The Theory of Relativity, in contrast to FIP, throws out nothing but attempts to adjust for everything (or at least most things) that happens outside of the pitcher's performance. Simply put, it compares a pitcher's W-L record to his teams record in games where the pitcher was not the pitcher of record (i.e., it subtracts the pitcher's W-L record from the team's), adjusting for factors that effect the pitcher's and team's W-L records but are largely unrelated to the pitcher's own performance. If a pitcher received run support better or worse than the run support a team generally provided its pitchers, the pitcher's W-L record is adjusted (via the Pythagorean theorem) to reflect what his W-L record would have been had he received run support equal to his team's average. It also adjusts for the performance of the rest of the team's pitching staff, because even a good pitcher who receives excellent run support will appear to fare poorly relative to his team's W-L record if the rest of the starting pitching staff is comprised of Walter Johnson, Pete Alexander, Tom Seaver and Randy Johnson, with Gossage, Eckersley and Rivera coming out of the bullpen.
These pitching staff adjustments are accomplished by taking the team's ERA+ (exclusive of the subject pitcher's own ERA+) and adjusting the team's W-L record to reflect what it would have been had the rest of the staff generated a 100 ERA+ (again, based on the Pythagorean theorem). It simply takes the team's ERA+ exclusive of the subject pitcher's ERA+, calculates the runs allowed or saved by the staff's performance above or below the assumed 100 ERA+, and adds or subtracts those incremental runs to the team's runs allowed. A Pythagorean record is then generated assuming a league-average staff.
Once you've adjusted the pitcher's record for run support and adjusted the team's record for the rest of the pitching staff's performance, you compare the pitcher's adjusted W-L record to his team's adjusted W-L record. The impact of run support on the pitcher's W-L record relative to his team's is thereby eliminated, and the impact of the rest of the staff's performance on the team's W-L record is similarly eliminated. A good pitcher will have an adjusted W-L record much better than his team's adjusted record, and a poor pitcher will have a worse one. Measuring the difference between the adjusted records of the pitcher and the team provides a good measure of the pitcher's performance. It doesn't expressly adjust for team defense (a notoriously difficult aspect of team performance to measure), but it implicitly incorporates it because bad team defense will lower the denominator representing the team's W-L record and therefore increase the relative impact of the pitcher's W-L record (adjusted for run support) relative to his team's W-L record (adjusted for the performance of the rest of the pitching staff).
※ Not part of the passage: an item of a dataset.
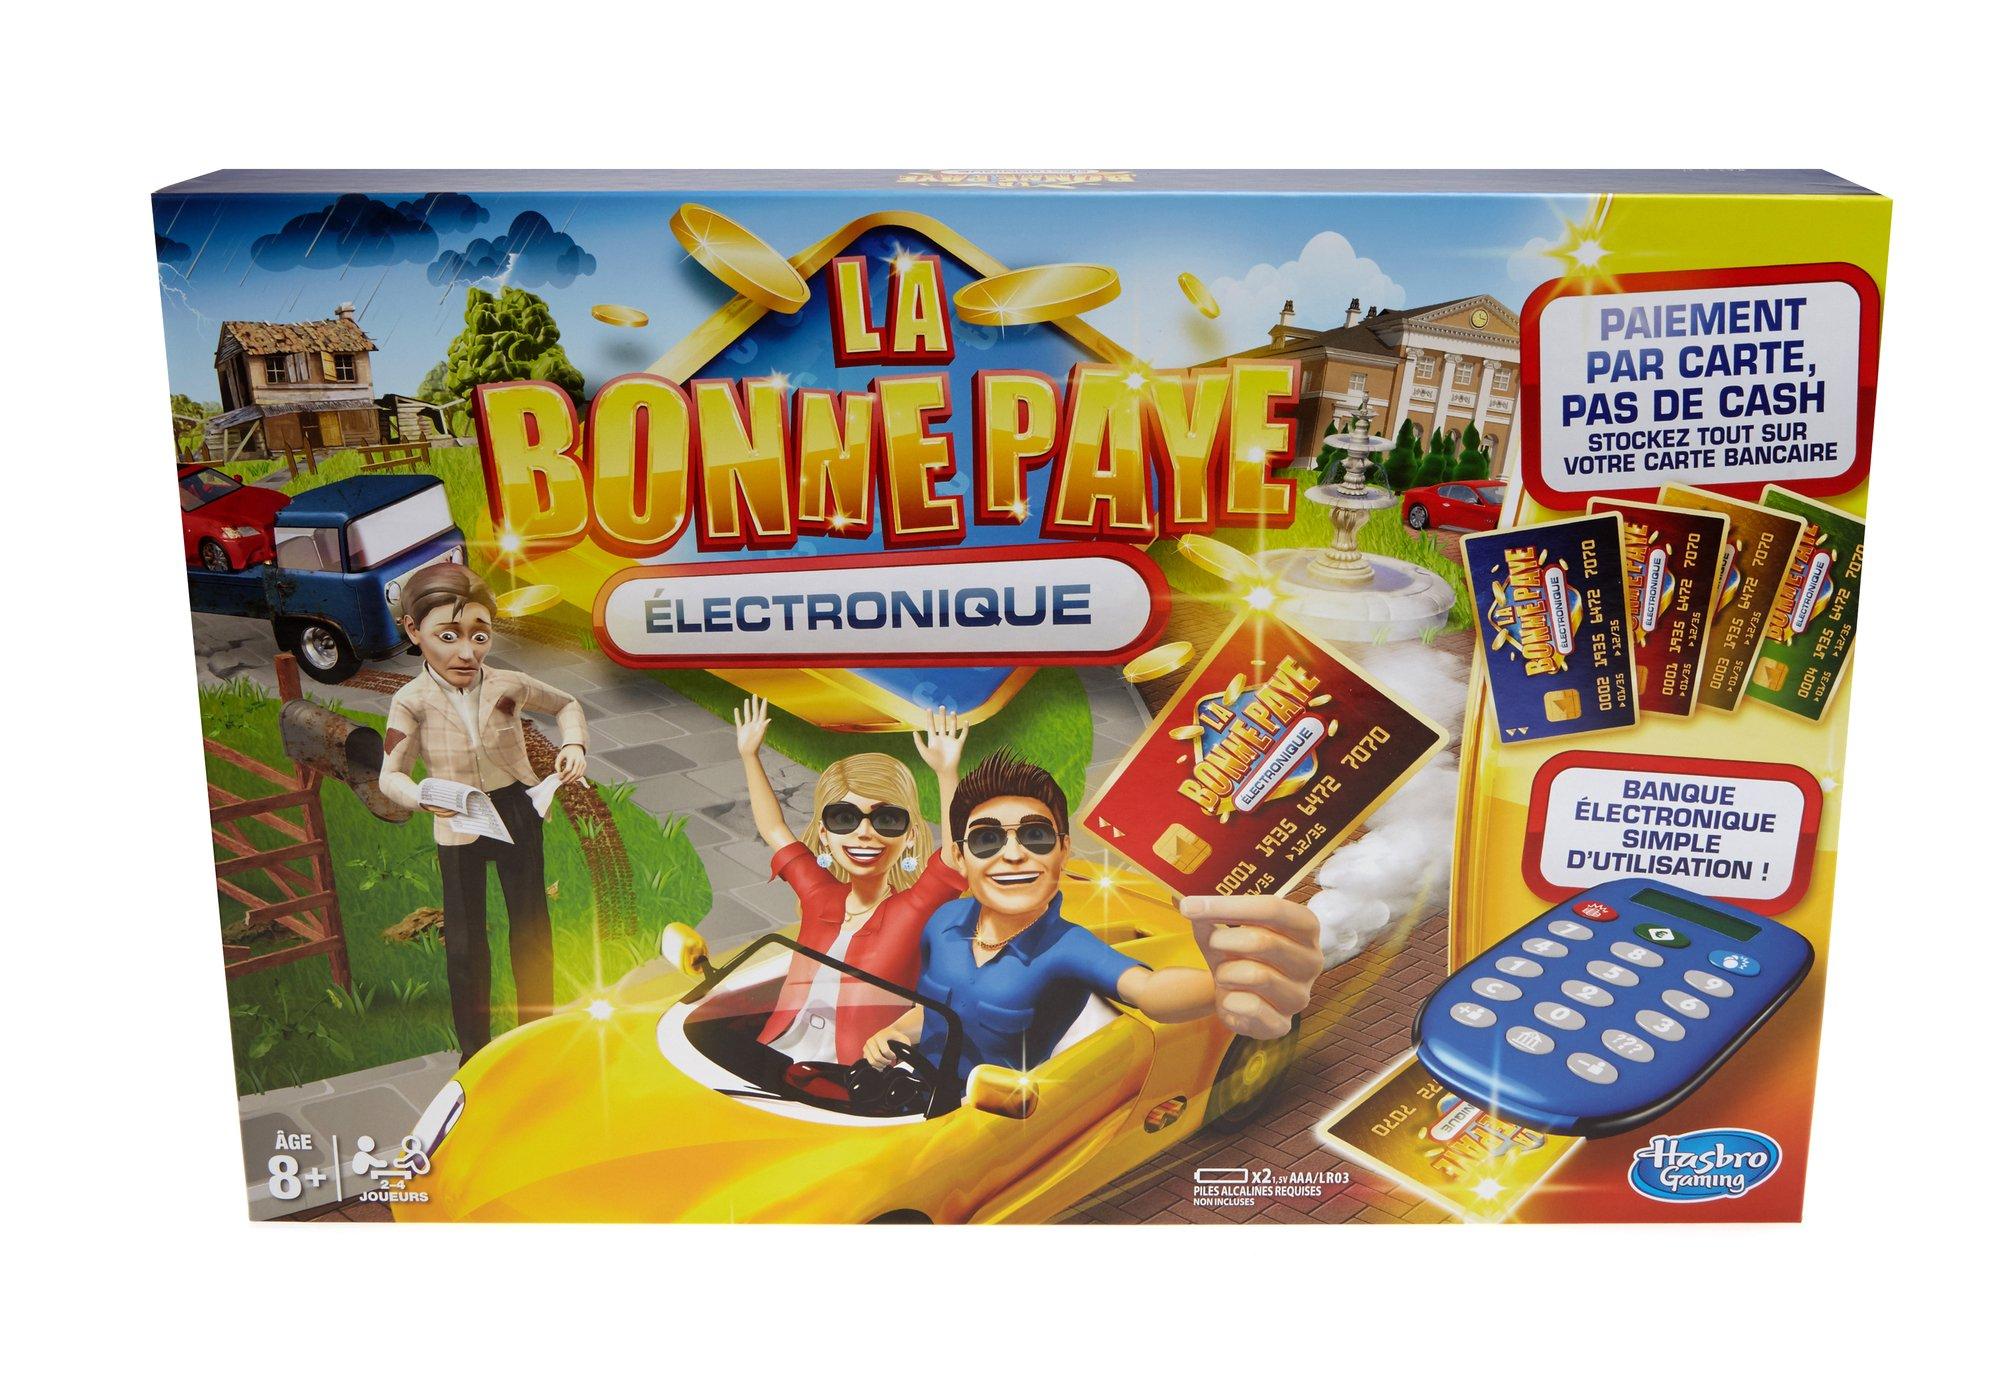 Hasbro - La Bonne Paye Electronique - C16791010 product image

The concept of simply comparing a pitcher's record to his team's is not novel, but the defects in the system became apparent to me when I was comparing Phil Niekro's relative W-L record to Don Sutton's. Even if the records were adjusted for variations in run support, Sutton would still tend to fare poorly compared to Niekro because Niekro would benefit by being compared to the poor Braves pitching staffs of the '70s, while Sutton would suffer from being compared to the generally excellent Dodger's pitching staffs of the '70s. It was easy for Niekro to outperform the sub-average pitchers on the Braves staff, but more difficult for Sutton to outperform the Tommy John's, Claude Osteen's and Andy Messersmith's who generally populated the Dodger staffs. It's fairly easy, however, to adjust for this, and the conceptual validity of the adjustment should be obvious. Still, the process of collating the team pitching data from different years, incorporating it into the adjustment formulas and generating the Pythagorean adjustments is a little involved and so for the moment I'll only present an analysis of three pitchers: Tom Seaver, Ron Guidry and Dave Stieb.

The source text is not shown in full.